AIM OF THE TASK: Return the listing in full and exactly, but without a single picture.

SUPPLIED MATERIAL:
---

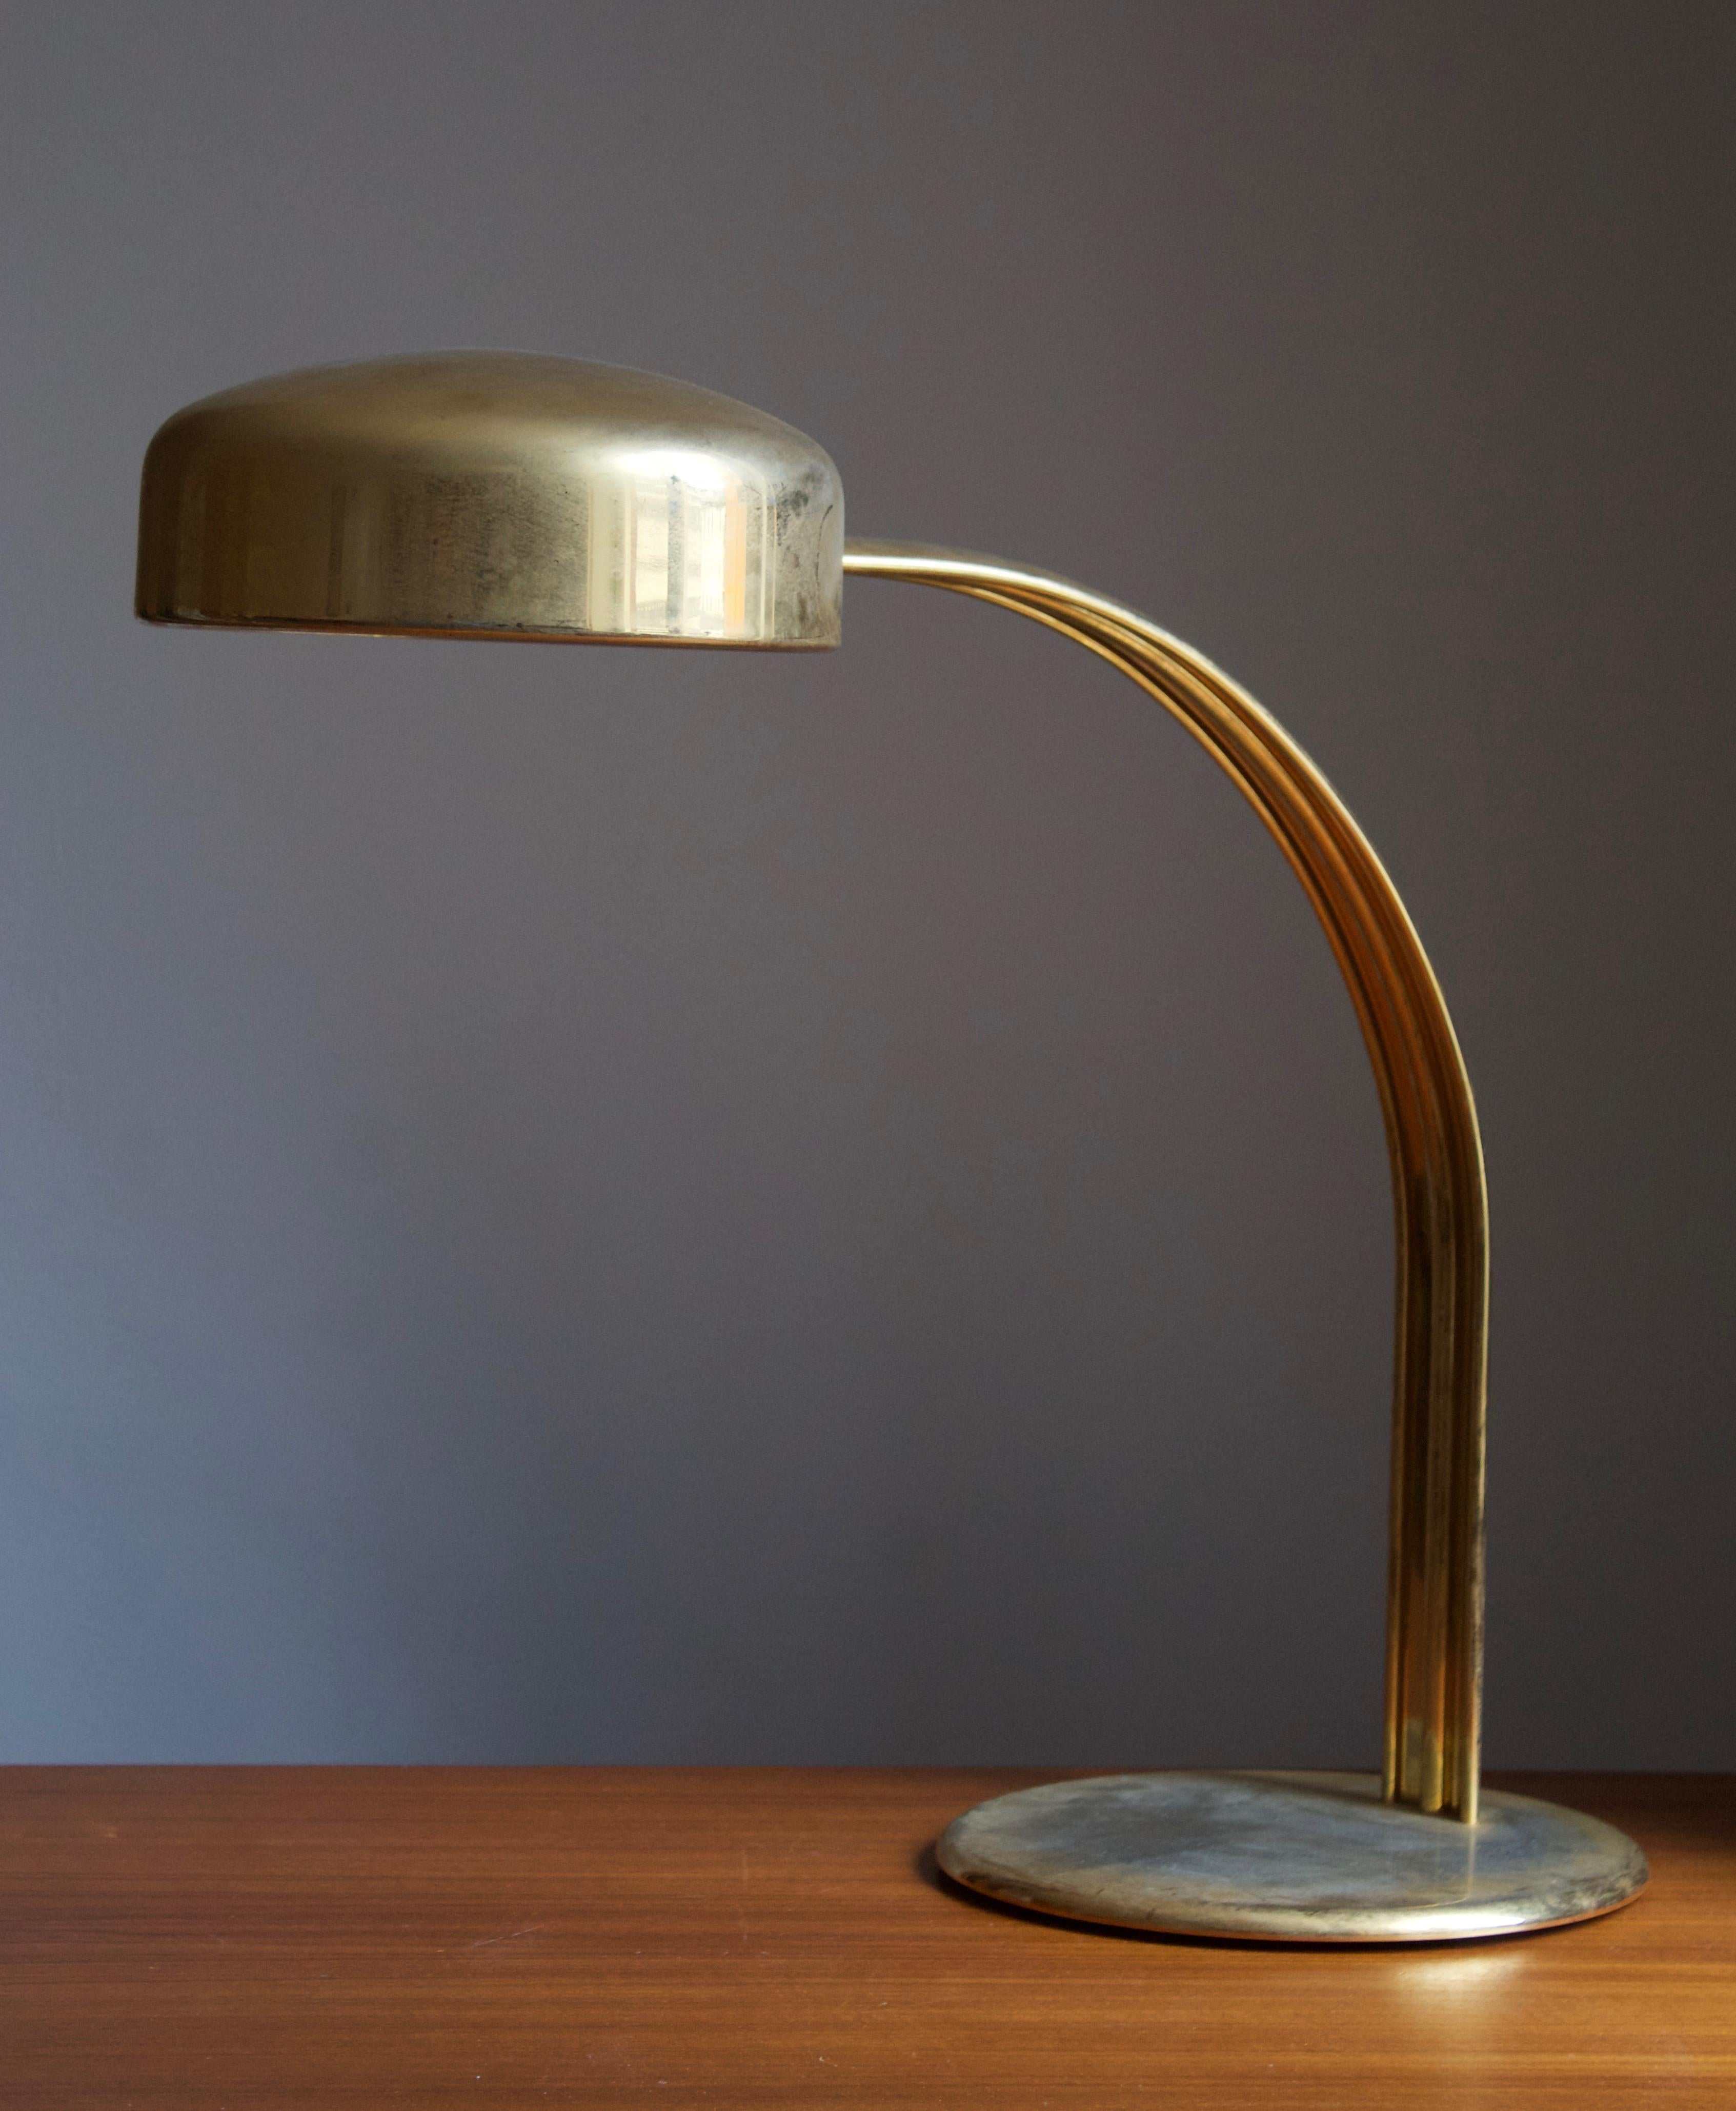 A sizable table lamp, designed by Richard Carruthers for Atelje Lyktan, Sweden, 1960s.

In brass.
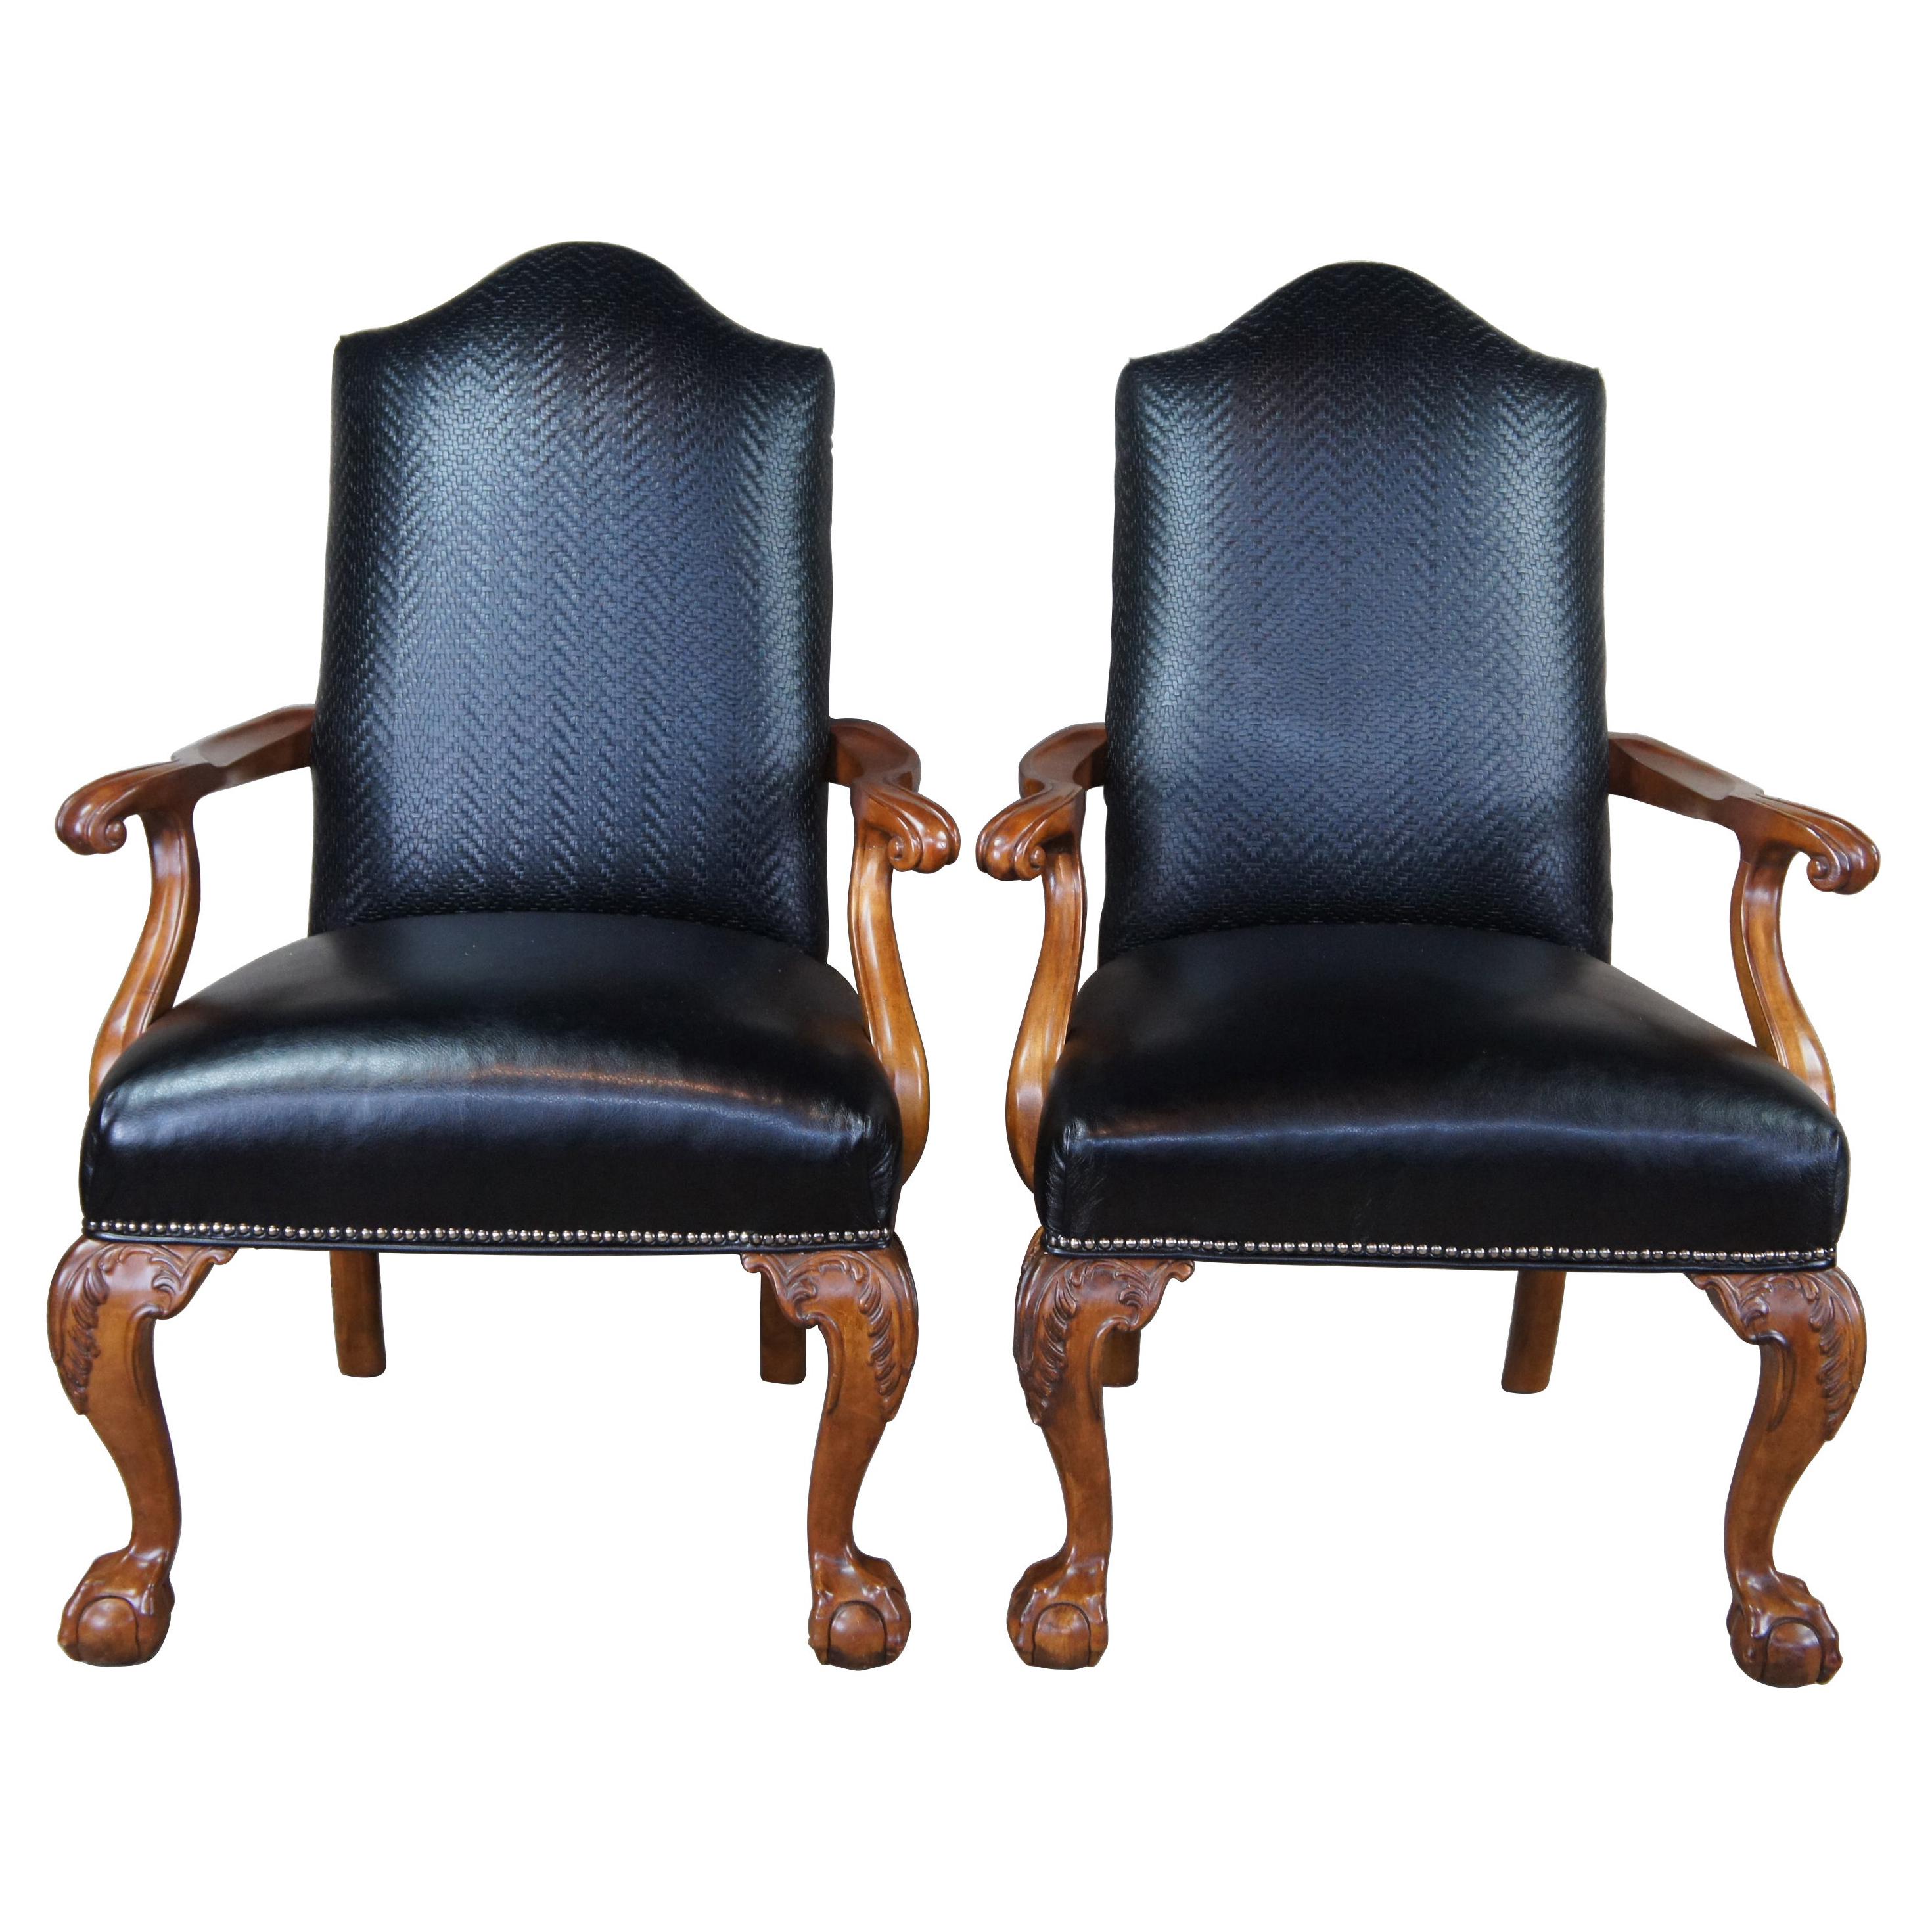 2 Century Chippendale Black Leather Nailhead Library Arm Chairs Ball & Claw

---

WRITTEN SOLUTION:
 A sizable table lamp, designed by Richard Carruthers for Atelje Lyktan, Sweden, 1960s.

In brass.
 2 Century Chippendale Black Leather Nailhead Library Arm Chairs Ball & Claw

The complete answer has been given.